The European Parliament has voted to extend the length of time that copyright protects sound recordings by 20 years. The compromise position backed by MEPs needs the approval of European Union member states to come into force.

The European Commission has long lobbied for copyright term extension from 50 years to 95 years. A report by Irish MEP Brian Crowley has suggested an extension to 70 years of protection.

That report was adopted at first reading by MEPs, who voted by 377 votes to 178 to back the proposal. It must now be approved by the Council of Ministers, but some countries are known to be hostile to any extension.

Crowley said that the reduced term extension contained in his proposed legislation was a recognition of the fact that some of the 27 EU member states did not approve of extension.

The legislation proposes that performers retain the right to be paid for 70 years after the release of a recording. Some of that money will go to the producers of recordings, since session players sign over their rights in exchange for a one-off playing fee.

Producers will have to set aside 20% of the income generated by the extra 20-year period of protection. This will be placed in a fund for session musicians which will be administered by music collecting societies.

The new law also includes a 'use it or lose it' clause by which players can regain control of recordings if they are not released to the public by producers. Once the initial 50 year term has expired, if producers are not still releasing work to the public the performers can complain.

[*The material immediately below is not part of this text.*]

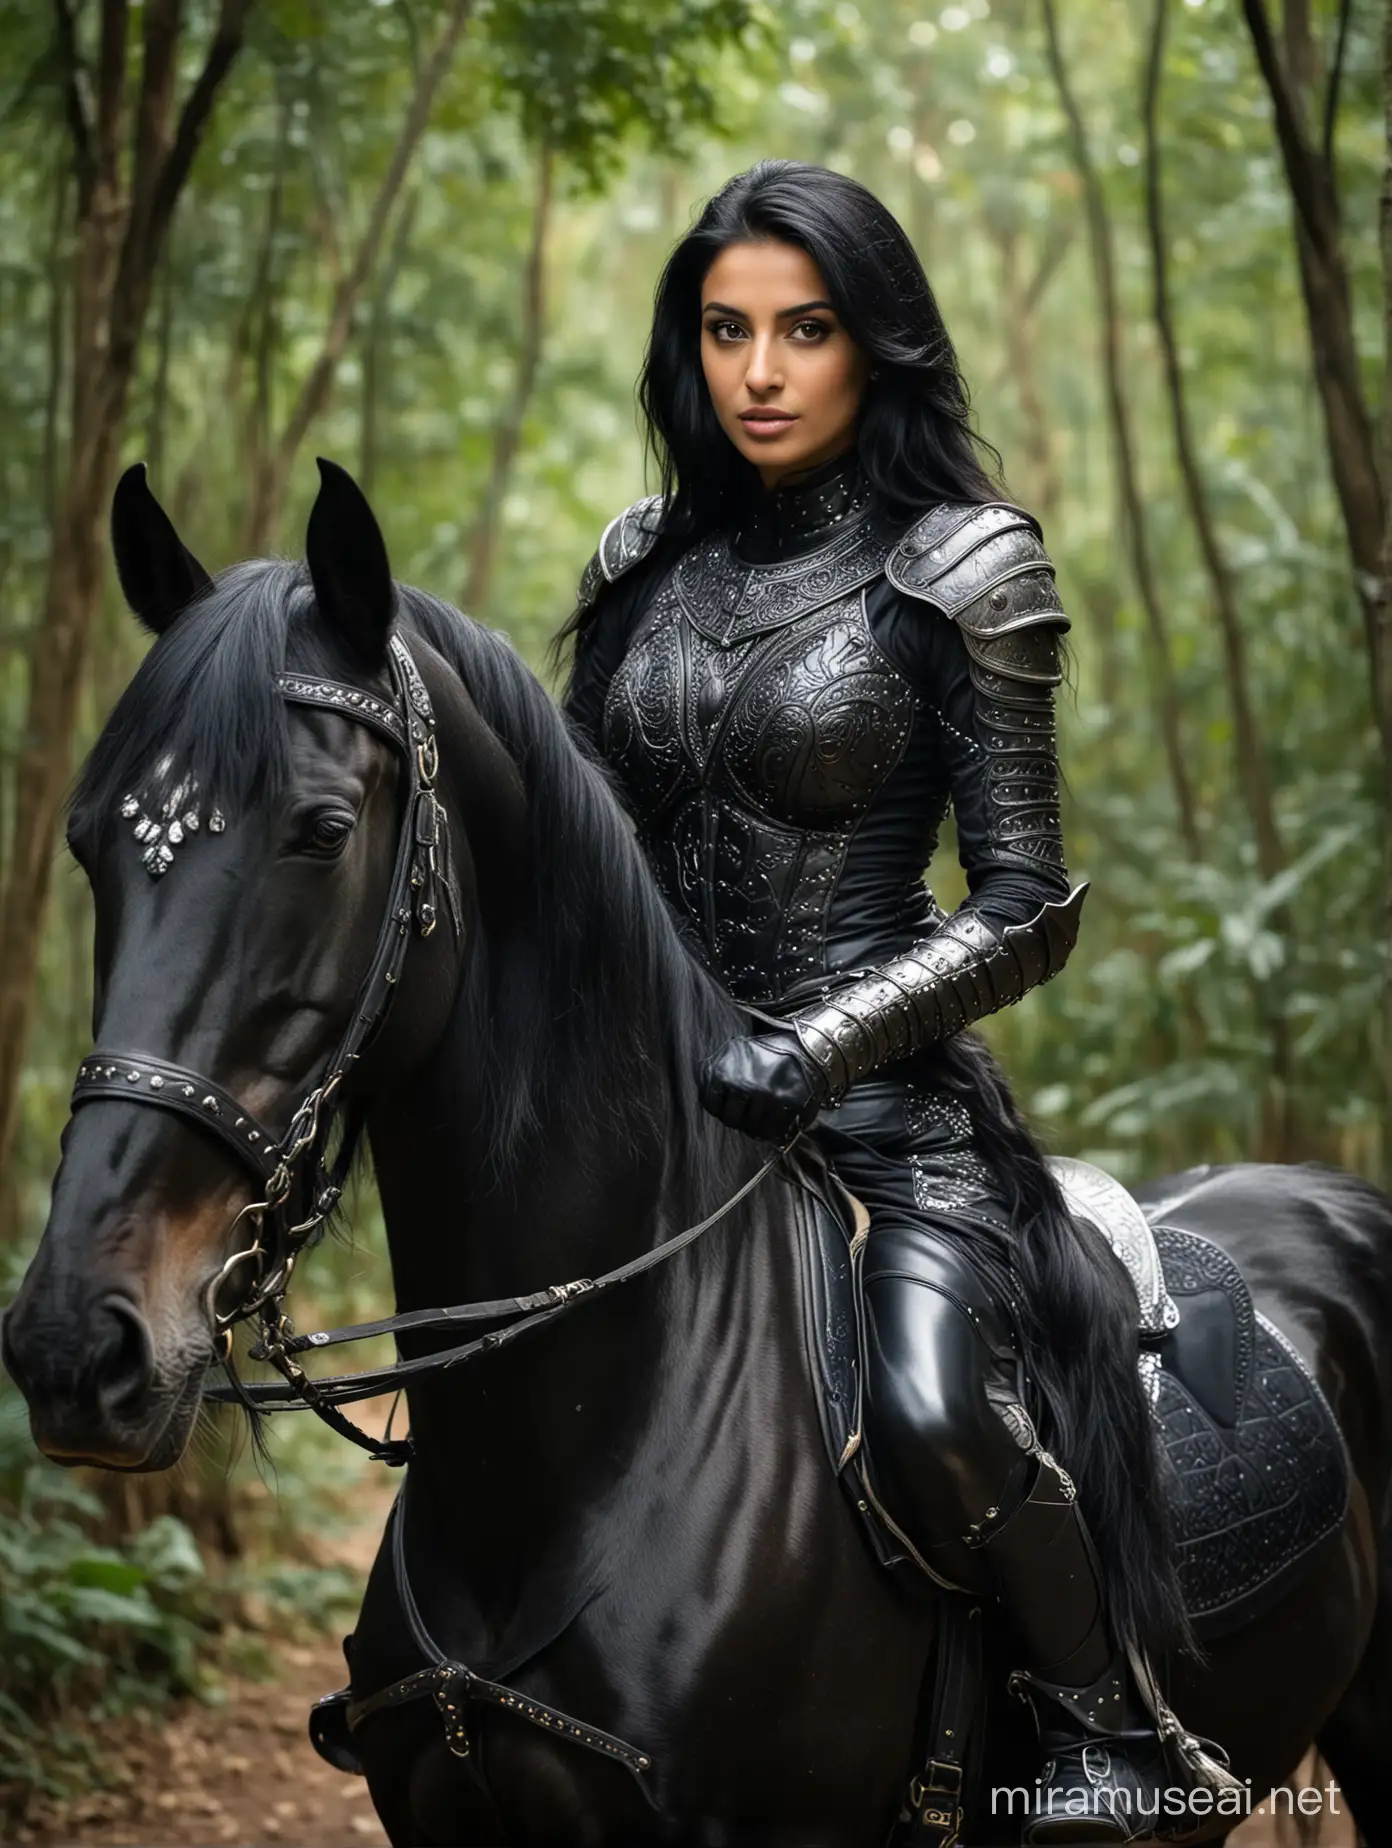 Stunning Arab Knight Maiden Riding Black Horse in Lush Indian Rainforest
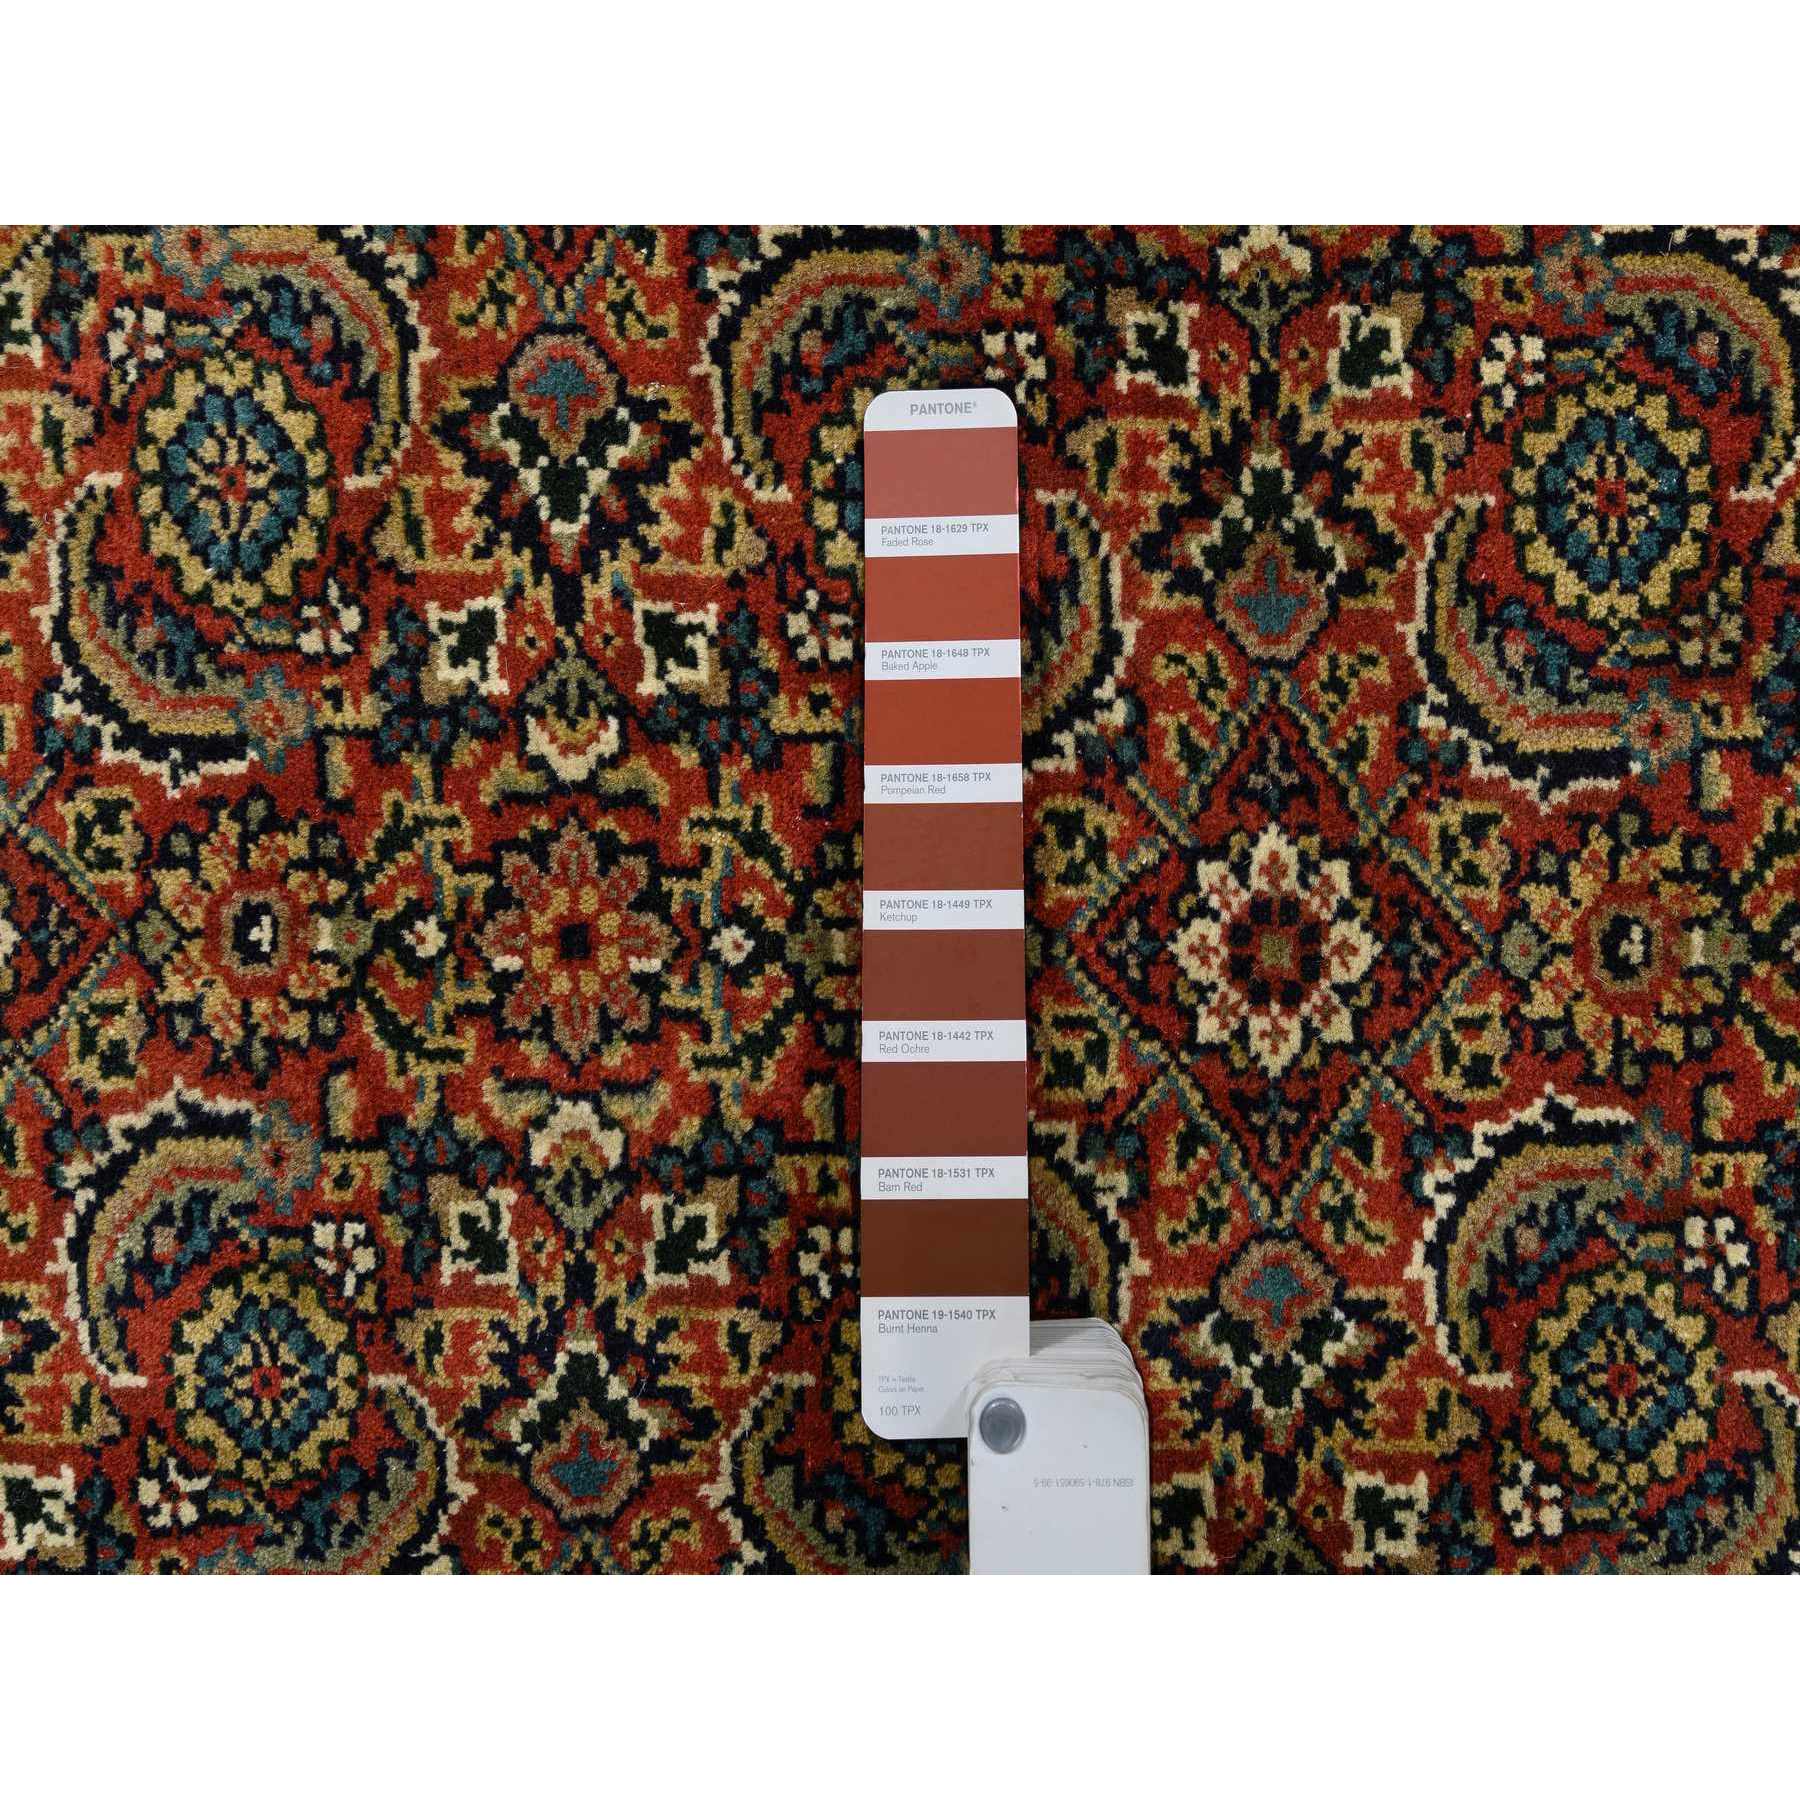 4'10"x4'10" 175 KPSI Hand Woven Brick Red Herati All Over Fish Design Luxurious Wool and Silk Oriental Round Rug

If producers have not released it within a year of that complaint then they will lose their right to earn royalties from performances on the material.

The proposed changes relate to performances on recordings and not to the writing of the material. Writing royalties last for 70 years after the author or composer's death.

The Commission's 95 year proposal was a response to lobbying from the music industry and from artists led by Cliff Richard who argued that musicians should have the right to earn from old recordings until they die. The ending of the 50-year term on early rock and roll recordings brought the problem into focus.

The Commission's actions were sharply criticised, though, by an academic who had been commissioned by the body to investigate the effects of term extension. Director of the University of Amsterdam's Institute for Information Law (IViR) Professor Bernt Hugenholtz said that two studies the IViR carried out for the Commission were ignored.

Hugenholtz wrote an open letter to the Commission accusing it of "wilfully ignoring scientific analysis and evidence" in its policy making.

Hugenholtz said that industry-produced evidence and studies by interested parties were referenced by the Commission in its explanation of its policy decisions, but that its independent work was ignored.

"The Commission's obscuration of the IViR studies and its failure to confront the critical arguments made therein seem to reveal an intention to mislead the Council and the Parliament, as well as the citizens of the European Union," he said in the letter.